_Goal of the exercise_: Omit the pictures and reproduce the rest of the listing exactly.

_Given data_:
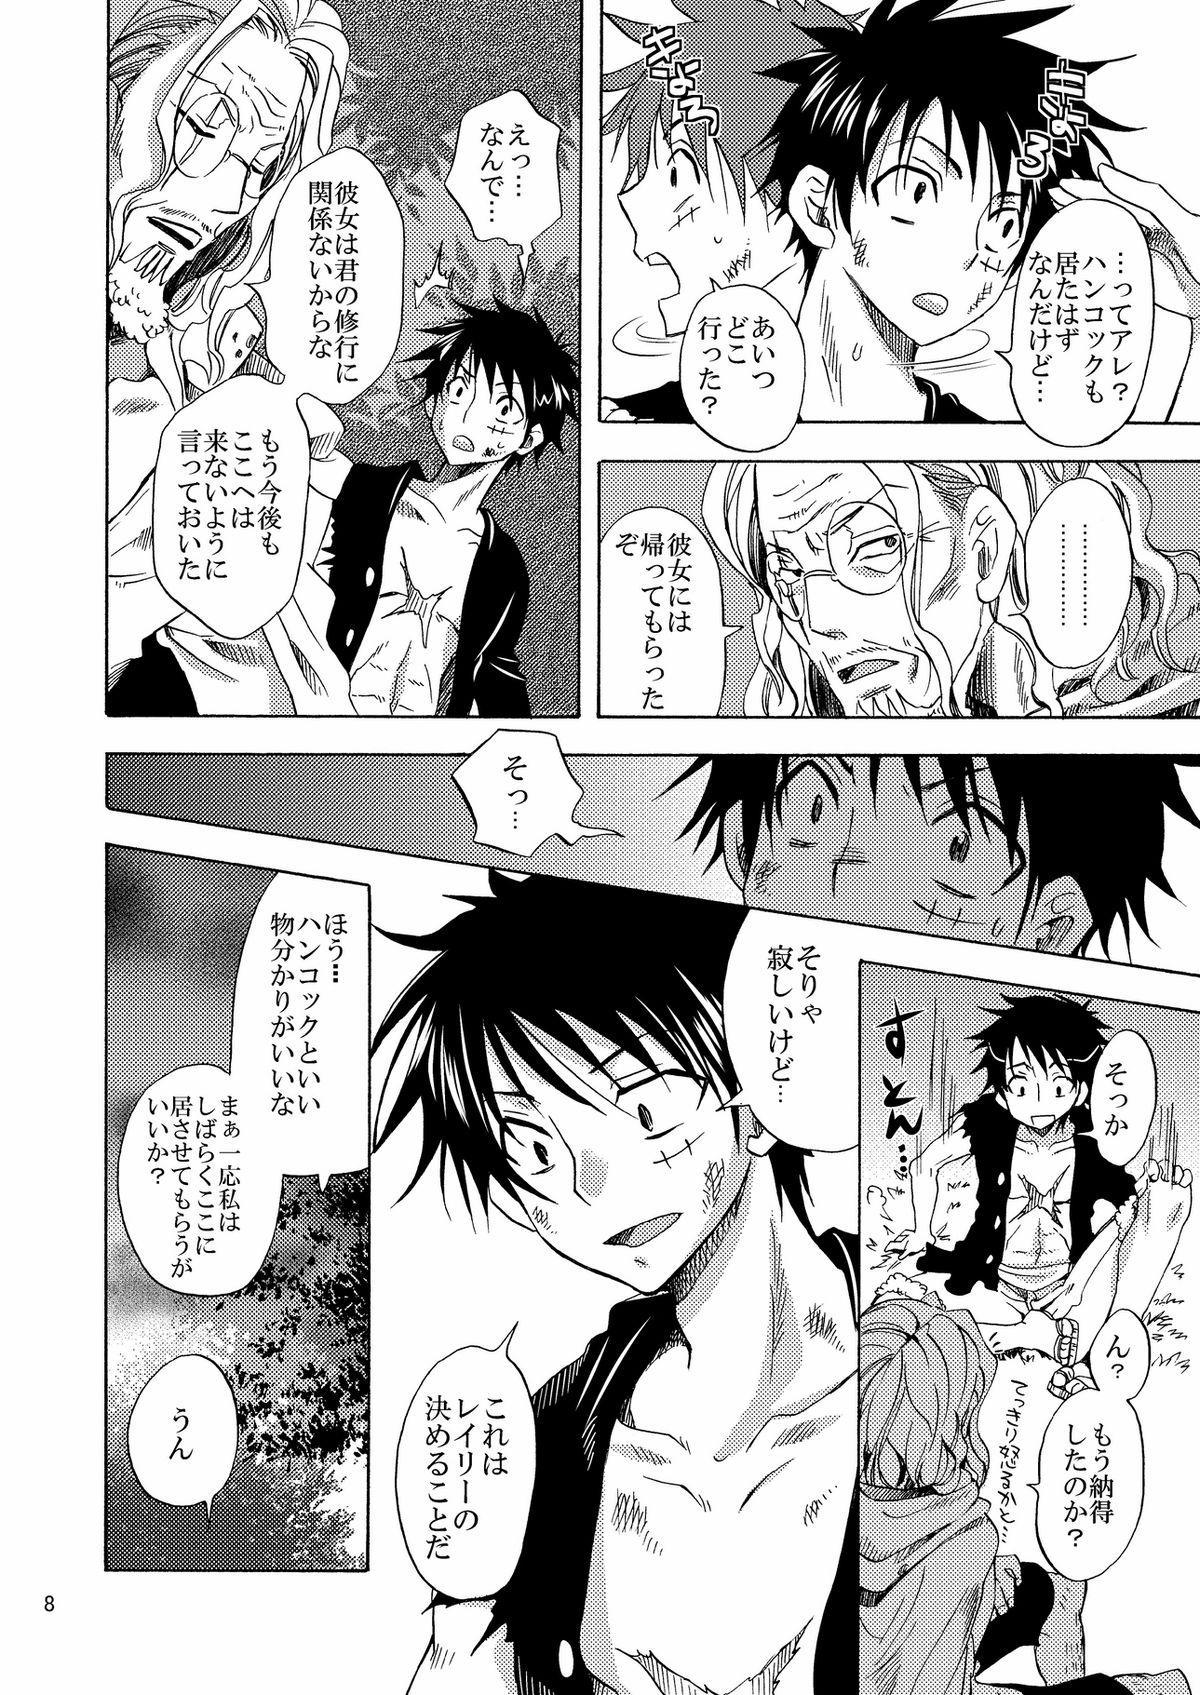 Nyougashima yori Warawa o Todoke ni Mairimasu! 7
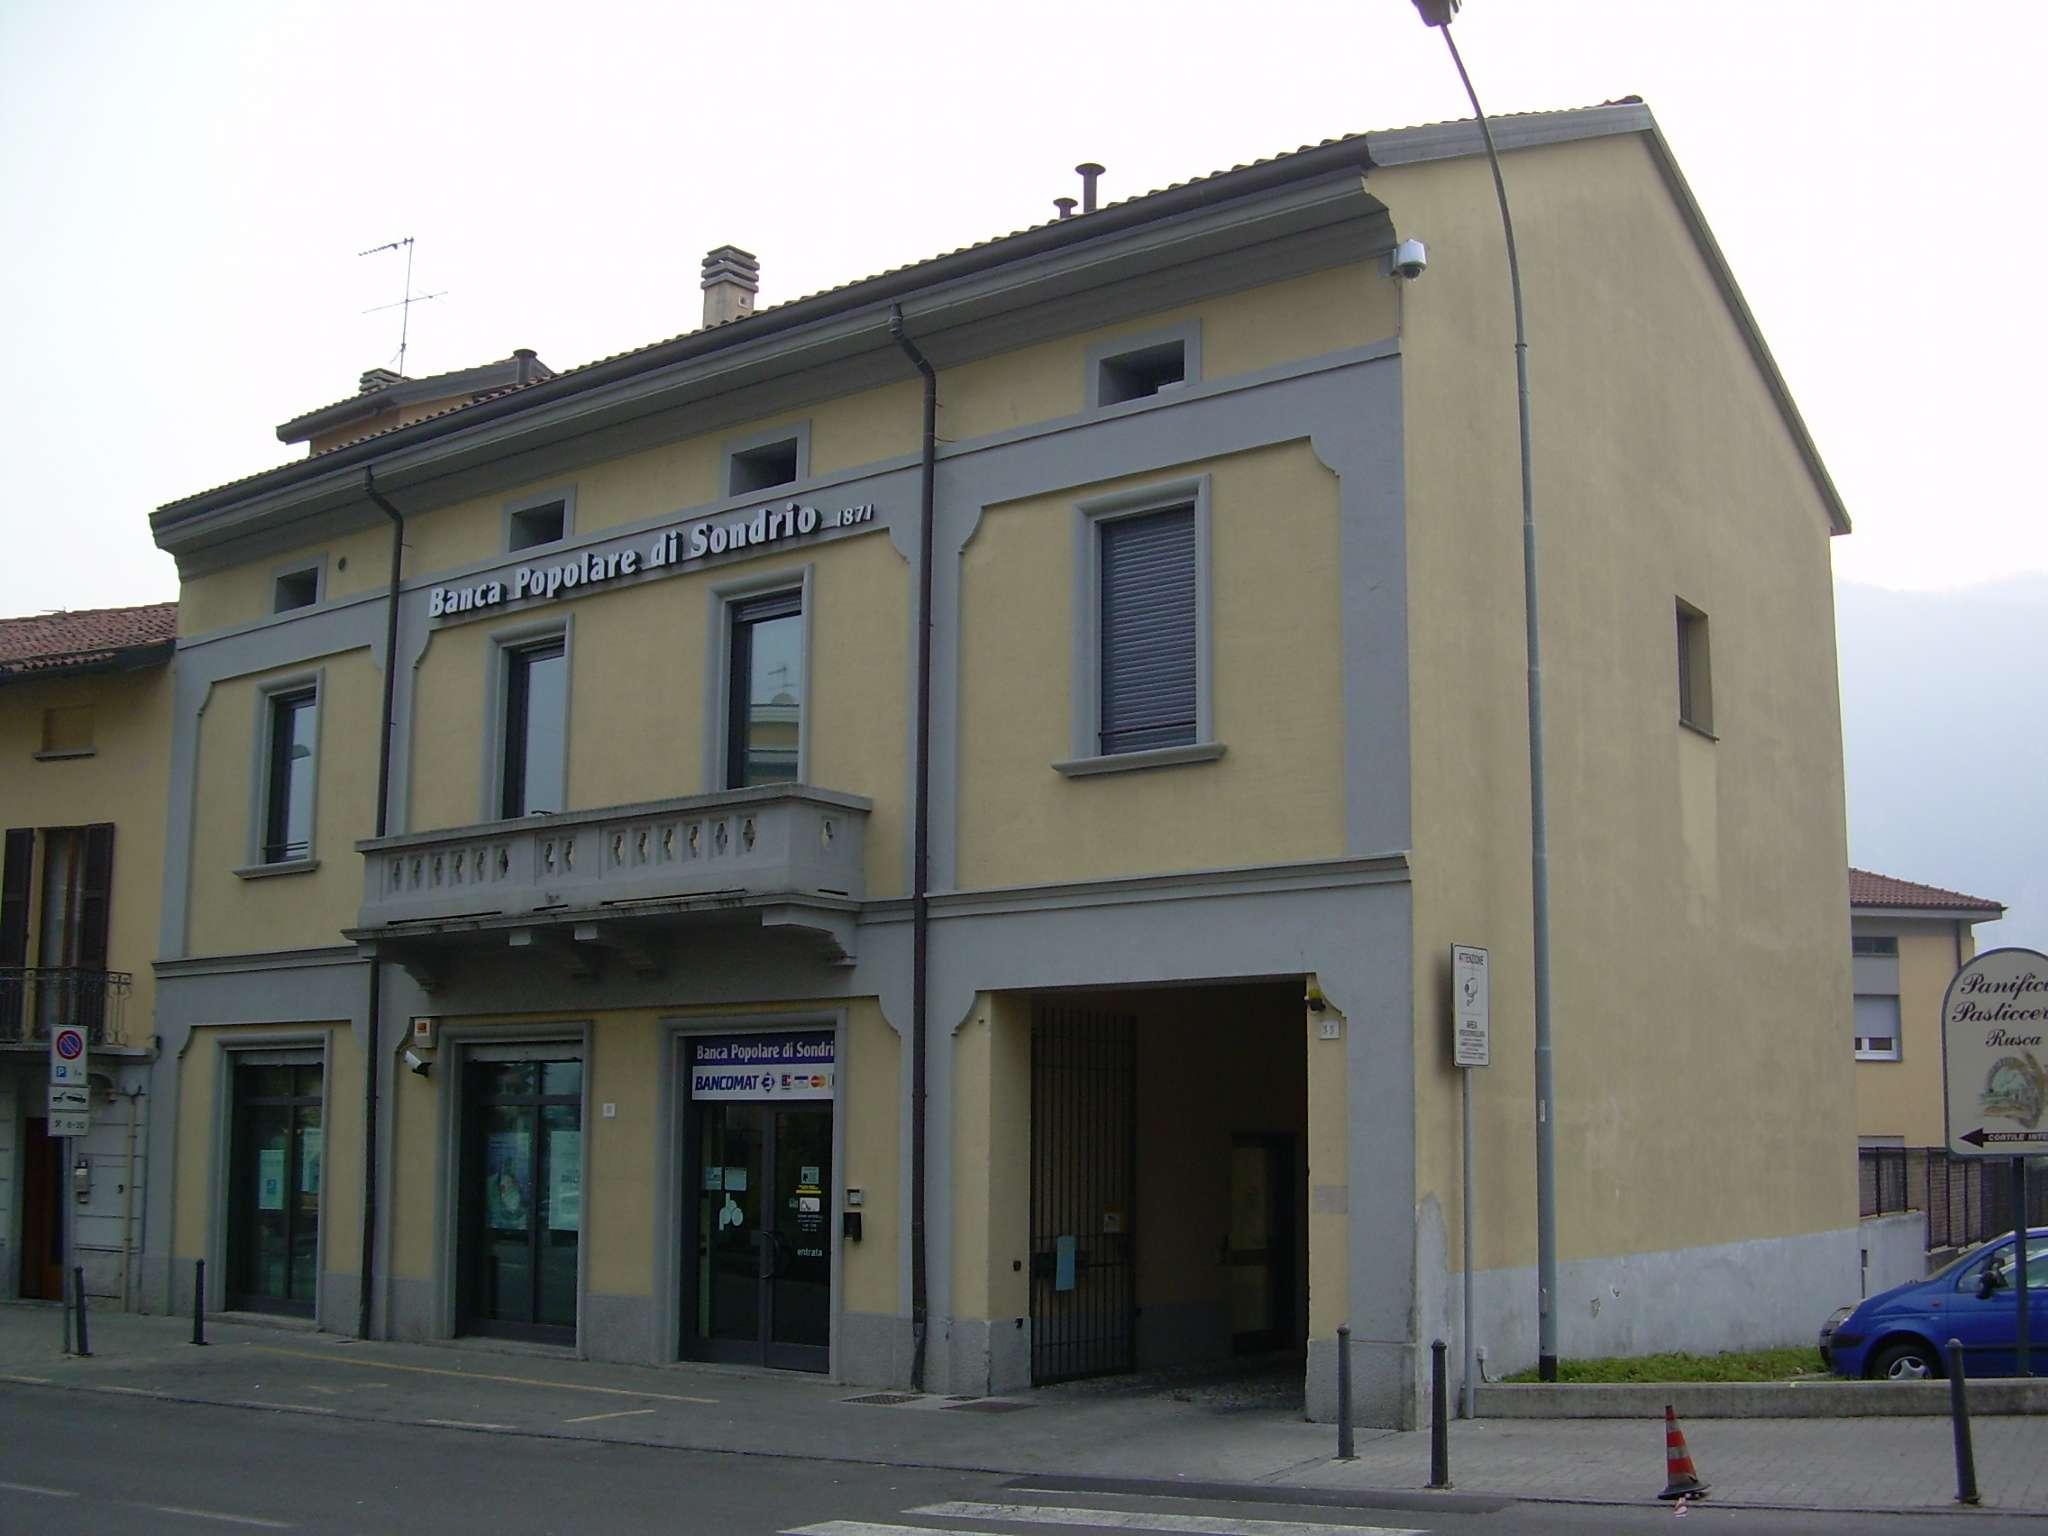 VALMADRERA LC - Zona centrale - affitto quadrilocale di 147 mq.
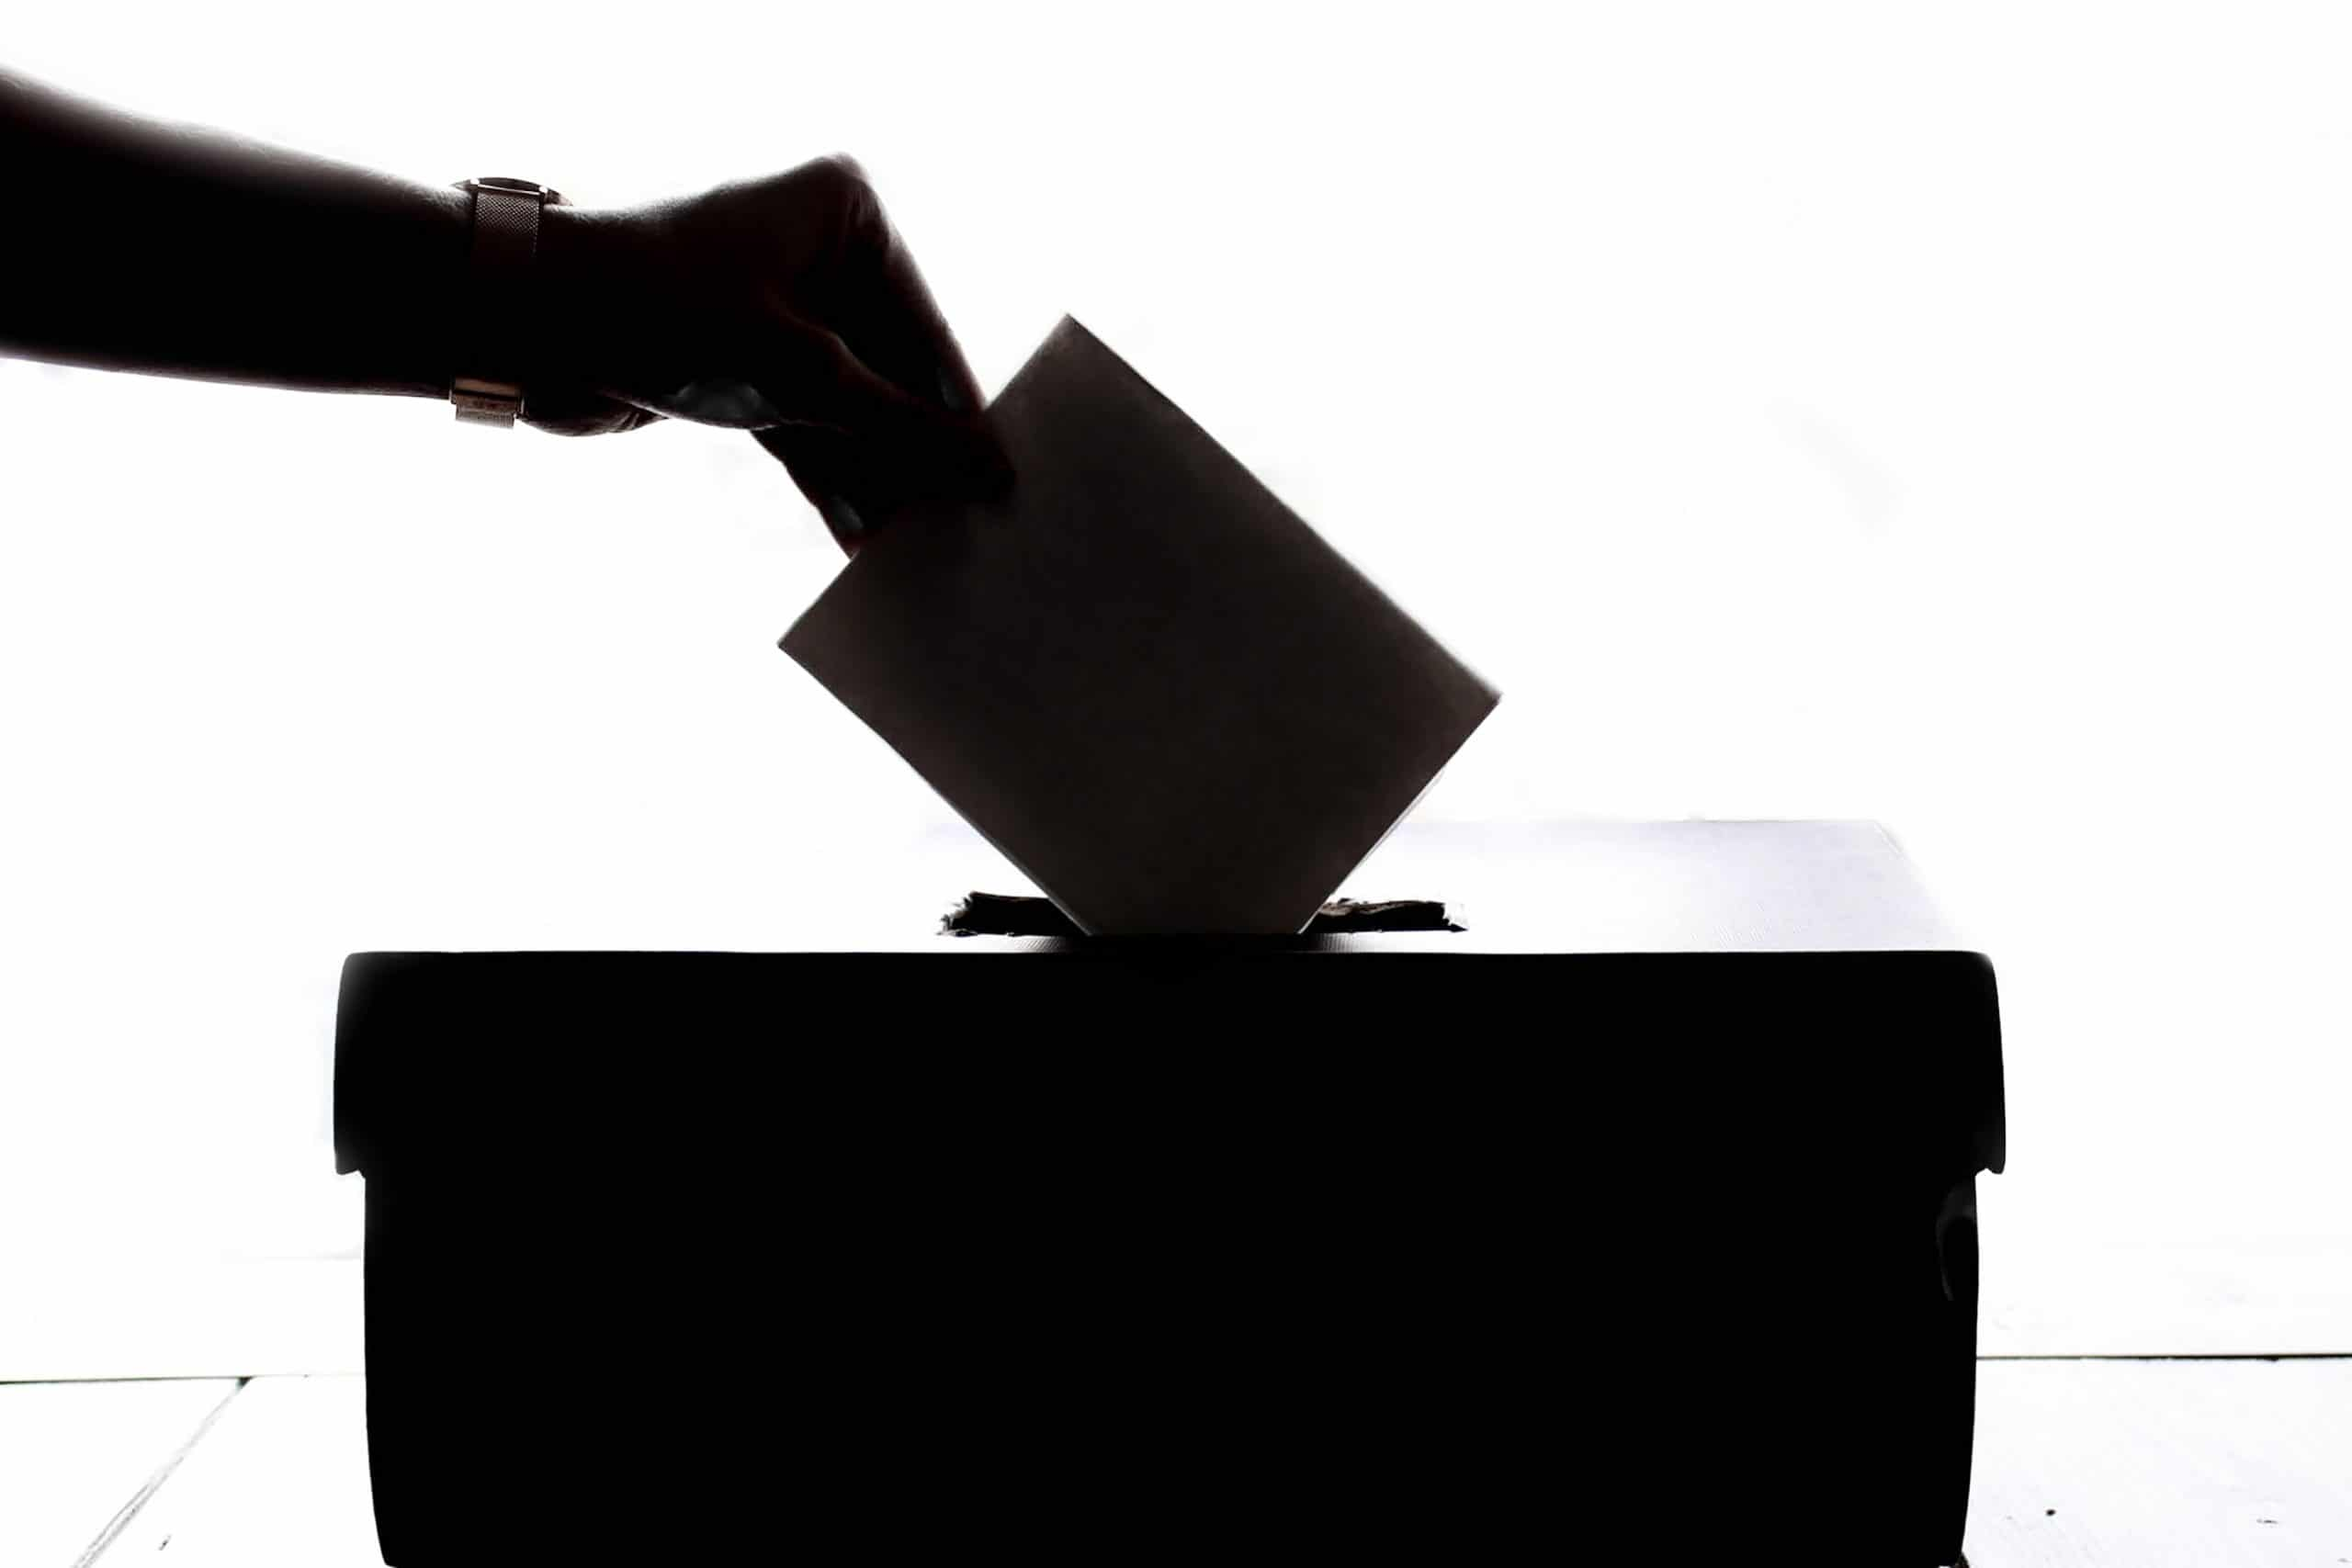 Pessoa depositando seu voto na urna. A mão, o voto e a urna estão na sombra, enquanto o foco de luz da imagem vem do fundo.

_Answer to the exercise_:
 Nyougashima yori Warawa o Todoke ni Mairimasu! 7
 VALMADRERA LC - Zona centrale - affitto quadrilocale di 147 mq.
 Pessoa depositando seu voto na urna. A mão, o voto e a urna estão na sombra, enquanto o foco de luz da imagem vem do fundo.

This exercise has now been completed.